The Veritone platform automatically triggers training jobs for all compatible engines whenever a given library is published. For example, when a user publishes a library containing people, the platform launches training jobs for all facial recognition engines.
During development it may be helpful to manually trigger training jobs against existing, unchanged libraries.
You can do so with the following query.

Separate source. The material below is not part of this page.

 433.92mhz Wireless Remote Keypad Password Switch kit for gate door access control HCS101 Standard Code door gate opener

Substitute your own engine, library, and library engine model IDs.
mutation {
createJob(input: {
tasks: [
{
engineId: "9f60a772-e8dd-480b-918e-5779d8eb02f0"
payload: {
mode: "library-train"
libraryId: "5943cafd-7eea-4913-9496-2afdea89f08b"

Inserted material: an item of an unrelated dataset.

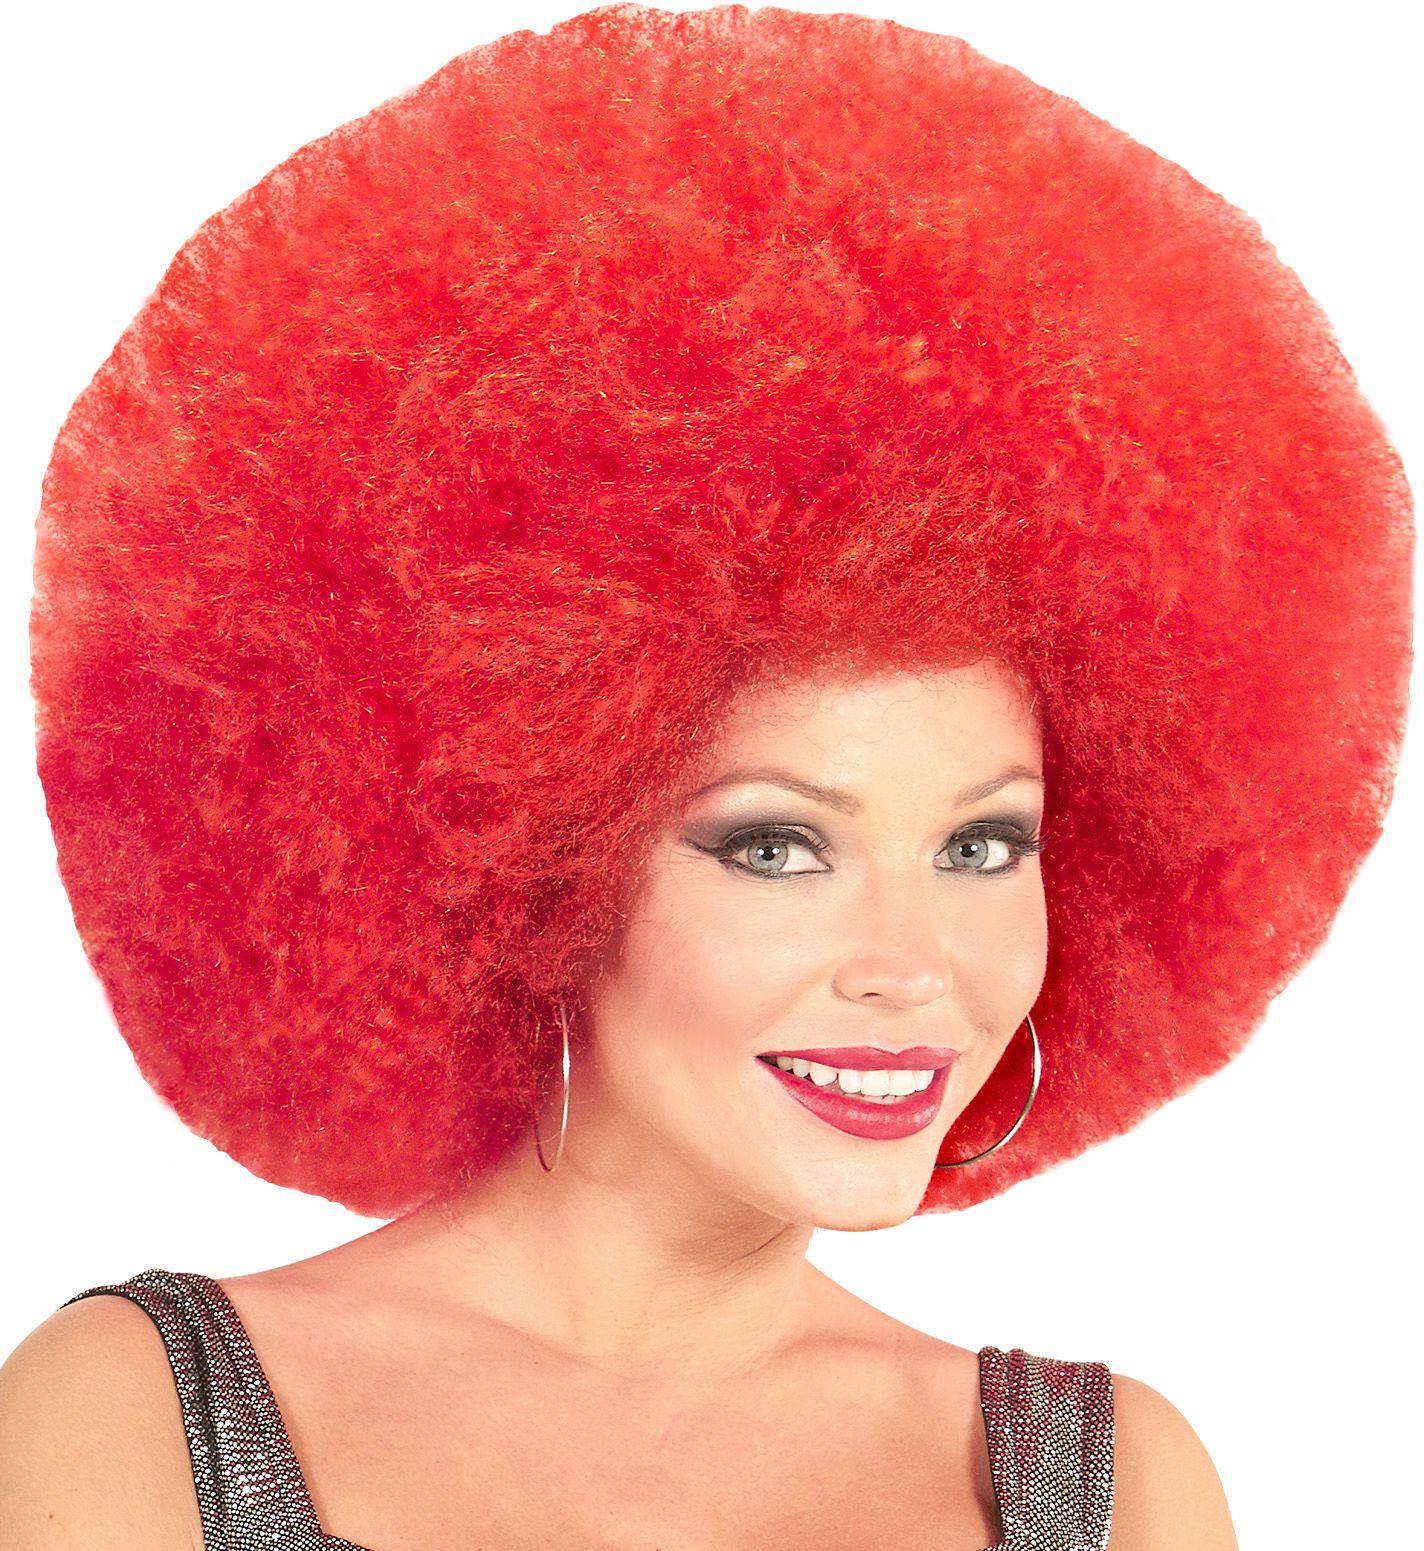 Rode afro pruik extra groot

libraryEngineModelId: "88540e51-6418-4b05-9349-4b2f4c230eb1"
}
}
]
}) {
id
tasks {
records {
id
status
payload
engine {
id
name
}
}
}
}
}
Steps
- Update the model's
trainStatus field to running.
mutation {
updateLibraryEngineModel(input: {
id: "4ae6d34d-8f4a-4e4e-aefa-12964cbf29c9",
trainStatus: running
}) {
id
trainStatus
}
}
- Get the library, its entities, and its identifiers.
identifierTypeId should be set to the appropriate value (for example, "face" if your engine requires faces, or "audio-recording" if it requires audio). Use limit and offset to page through returned values as necessary. Both entities and identifiers can contain metadata in a field called jsondata, which can optionally be used by your engine.
query GetIdentifiers($identifierTypeId: ID, $offset: Int = 0, $limit: Int = 25) {
library(id: "17a86304-9a82-4943-a06e-a2eb1c2506cc") {
id
name
entities(identifierTypeId: $identifierTypeId, offset: $offset, limit: $limit) {
count
records{
id
name
jsondata
identifiers(identifierTypeId: $identifierTypeId, limit: $limit) {
count
records {
id
url
jsondata
}
}
}
}
}
}
When training large libraries (100s or 1000s of entities), it is strongly advised to implement code that performs well and avoids exceeding usage limits. Observe the following:
- Use paging with a moderate page size, such as the default of
30 - Limit the number of entities and identifiers that are processed concurrently. In synchronous code, this is typically automatic in a simple loop-based implementation, but in asynchronous code such as JavaScript it may be necessary to use protective measures such as
async.limit().
- Train your engine using the returned identifiers and metadata.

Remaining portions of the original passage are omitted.